* [Activity]
Retype the data below exactly, skipping pictures.

* [Data block]

★ ★ ★ ★

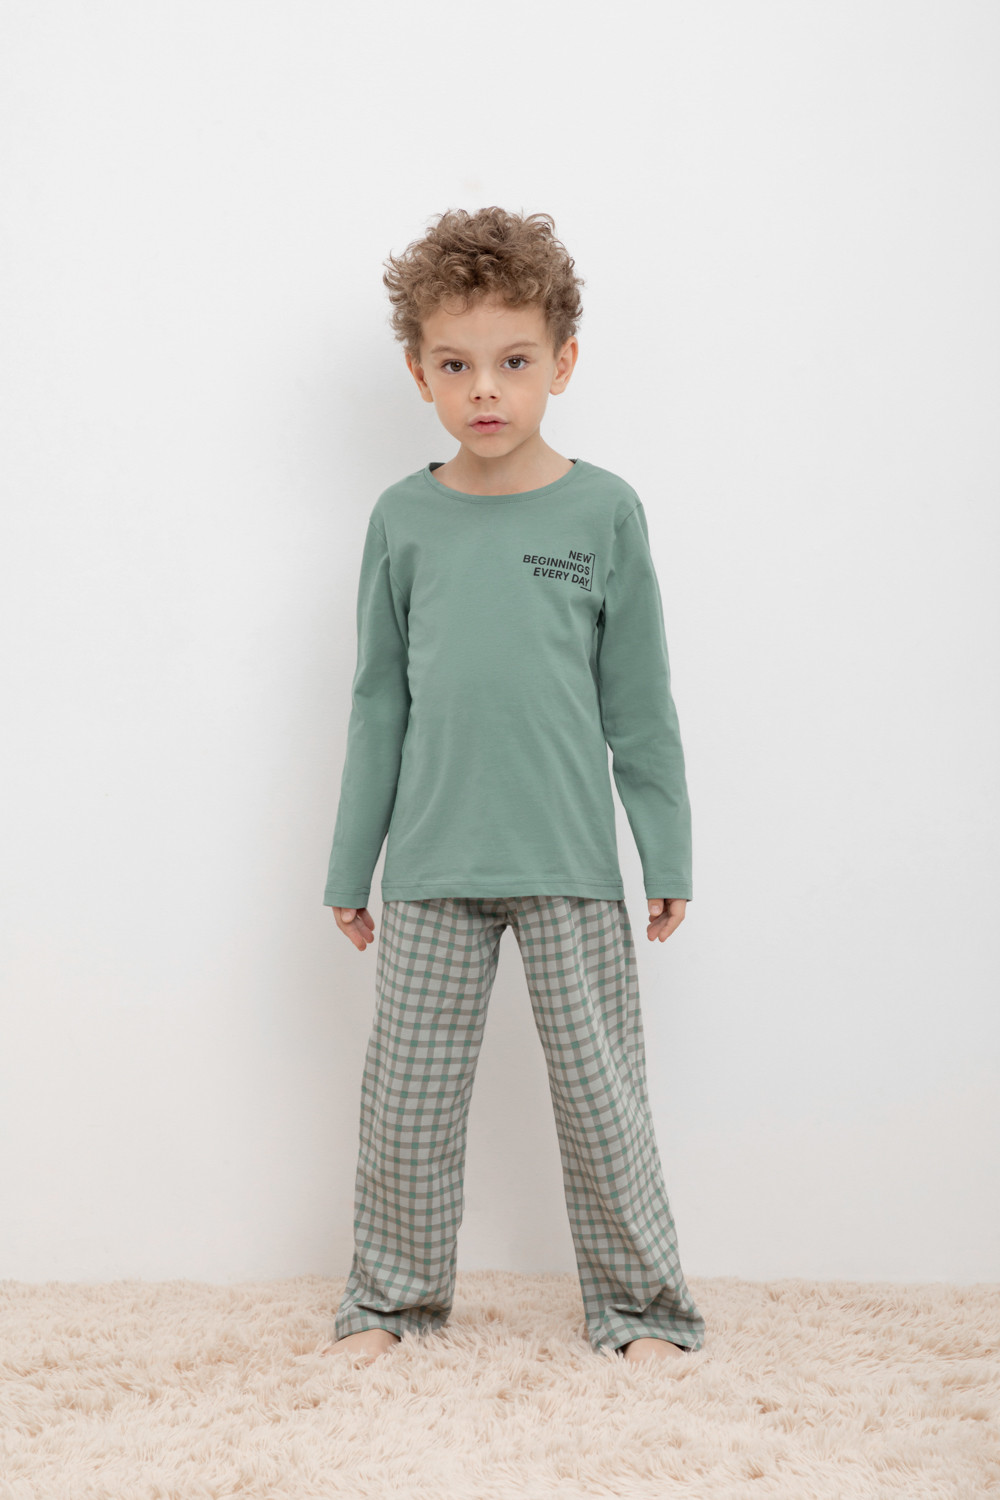 Пижама детская CROCKID М 1303-1, М 3702, весенний зеленый, бежевая клетка, 110 футболка для мальчиков бежевая с рисунком и текстом
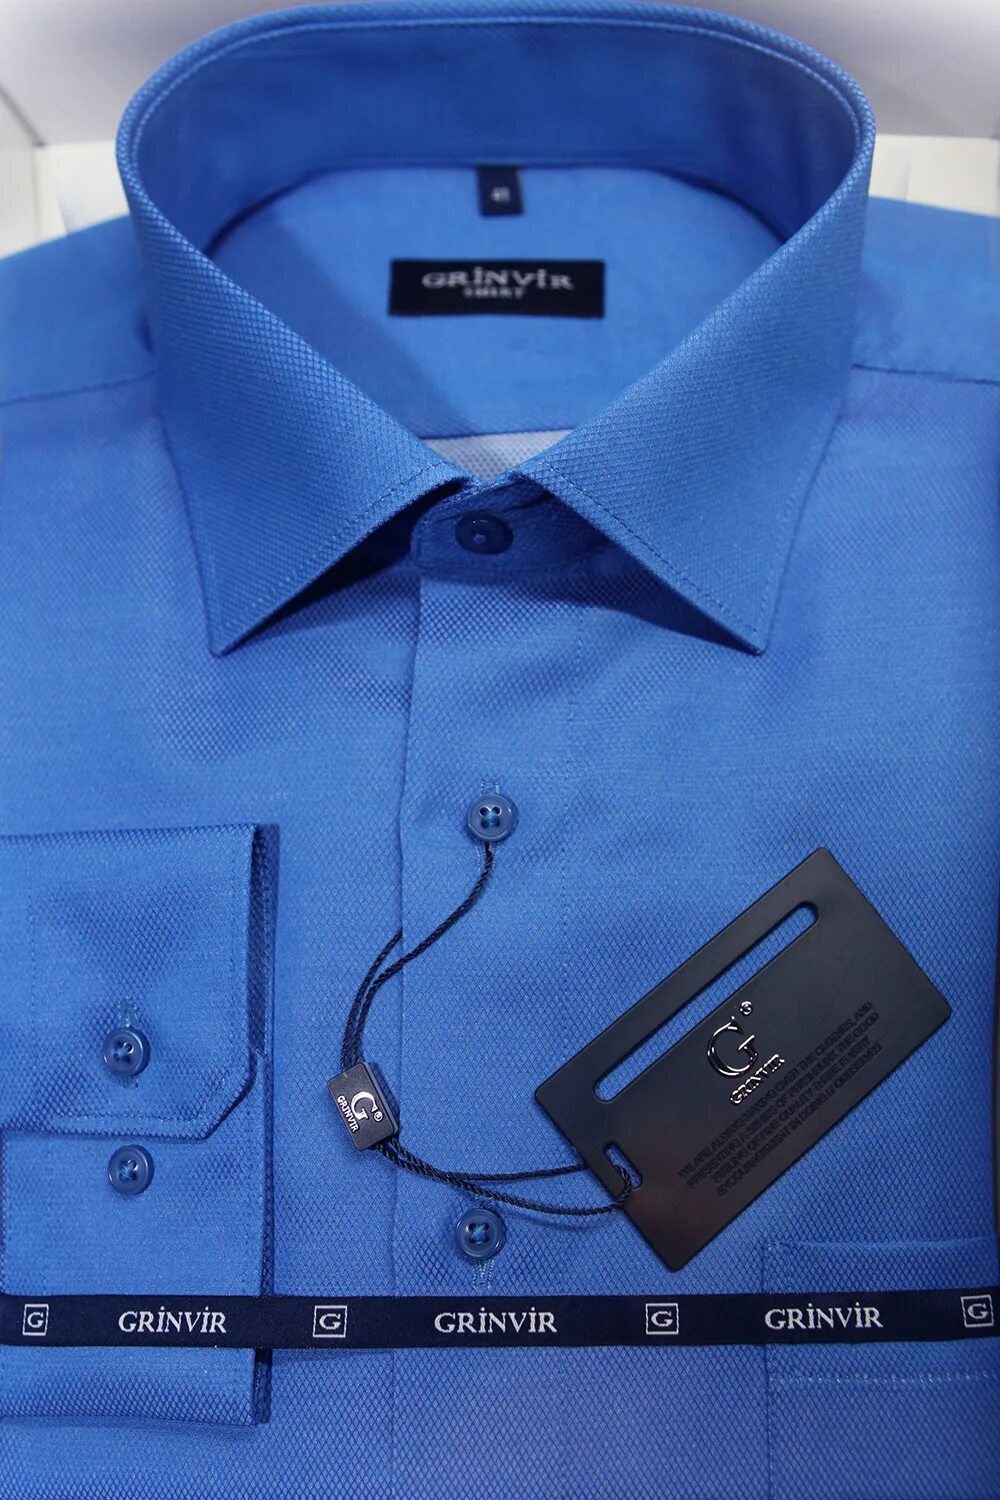 Мужские рубашки производство. Рубашка синяя мужская классическая. Weemgcal Original рубашка производитель. Рубашка Walbusch Easycare. Магнат синий.
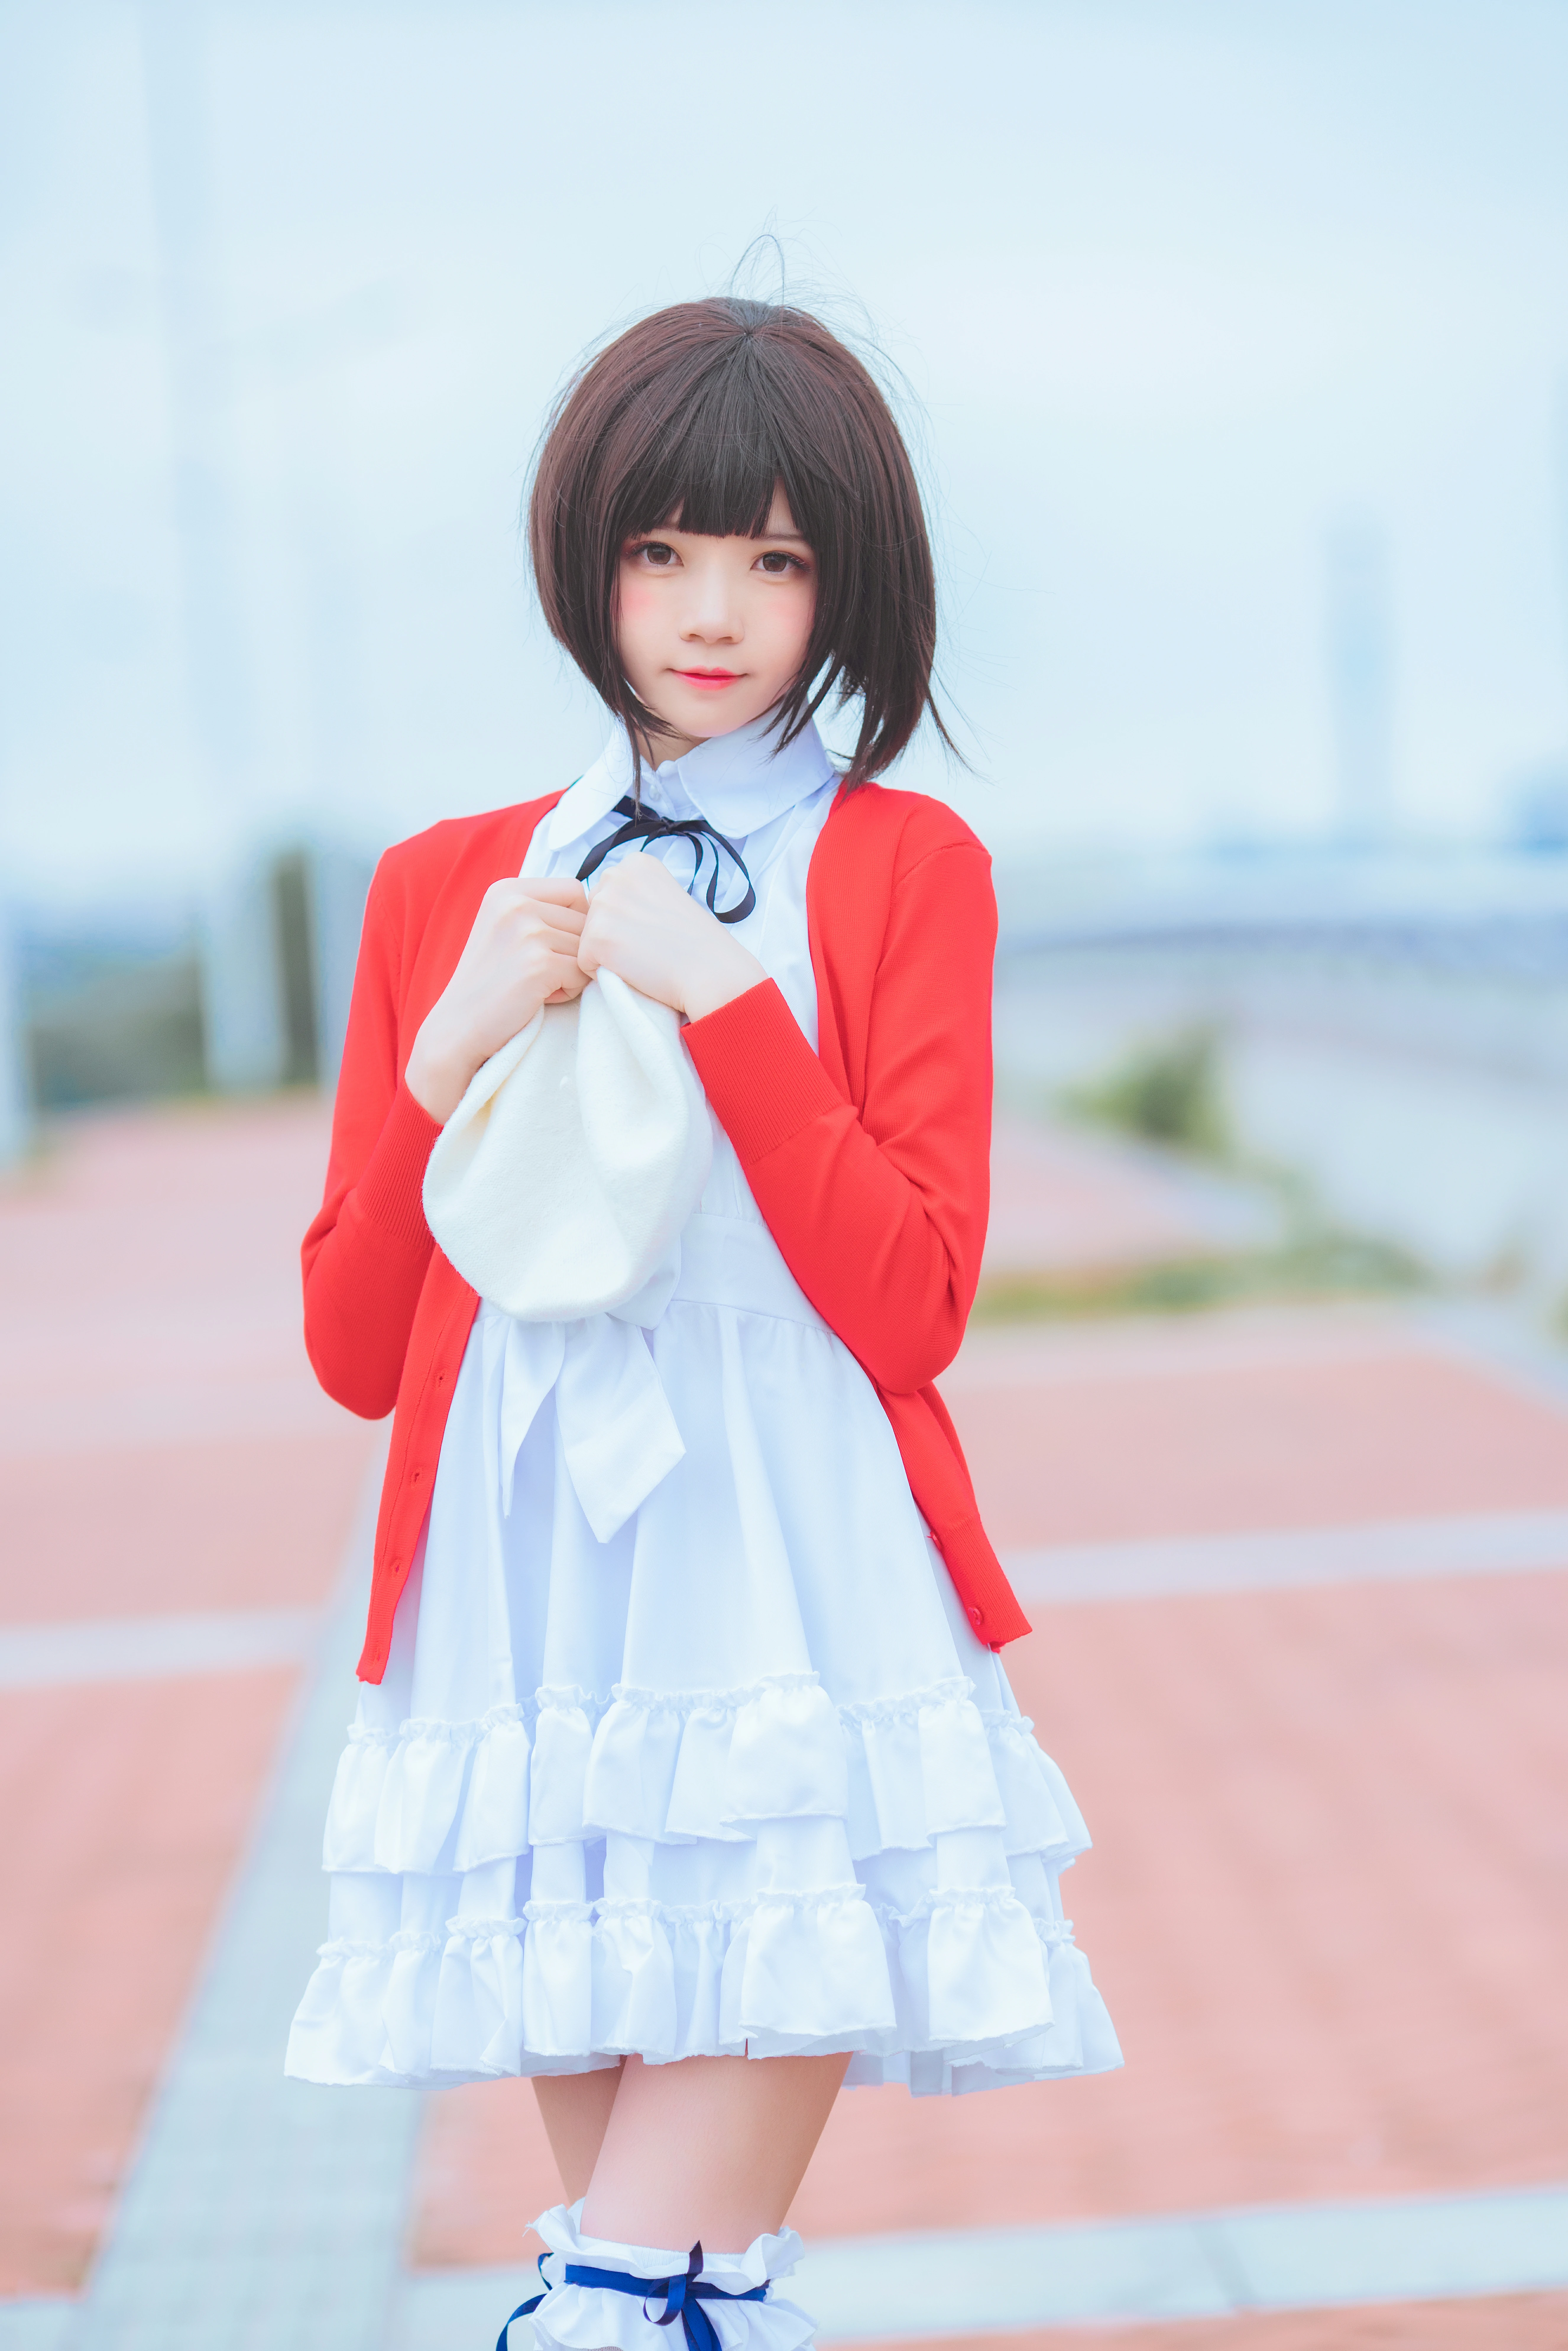 清纯少女 桜桃喵 红色外套与白色连衣裙加白色丝袜美腿街拍写真,0022
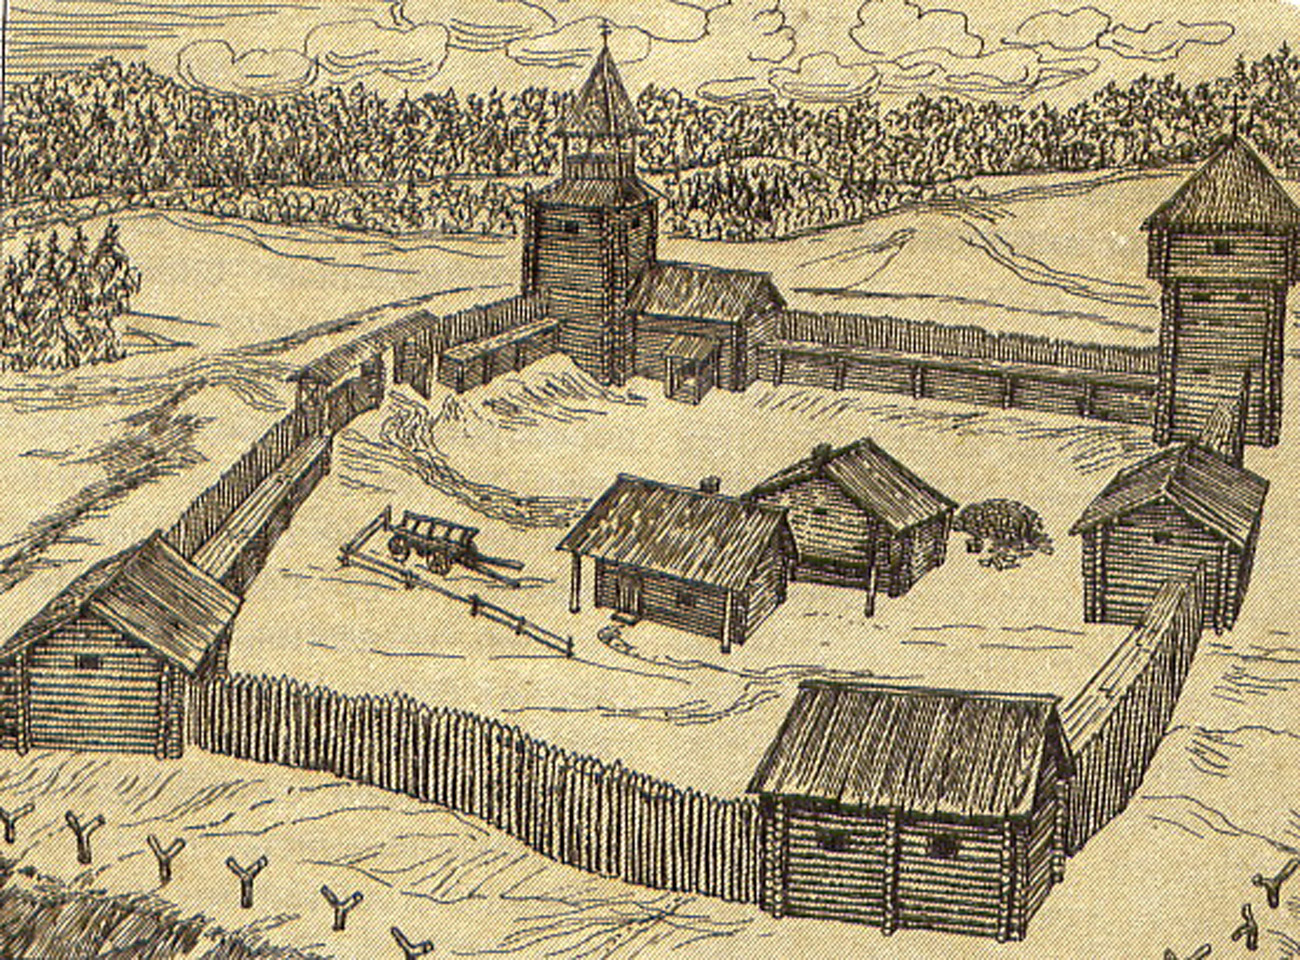 つぎつぎに要塞・砦がシベリアで建設され、その後、それらの入植地は大都市になっていく

★ ★ ★ ★

* [Result for this task]
 Пижама детская CROCKID М 1303-1, М 3702, весенний зеленый, бежевая клетка, 110 футболка для мальчиков бежевая с рисунком и текстом
 Мужские рубашки производство. Рубашка синяя мужская классическая. Weemgcal Original рубашка производитель. Рубашка Walbusch Easycare. Магнат синий.
 清纯少女 桜桃喵 红色外套与白色连衣裙加白色丝袜美腿街拍写真,0022
 つぎつぎに要塞・砦がシベリアで建設され、その後、それらの入植地は大都市になっていく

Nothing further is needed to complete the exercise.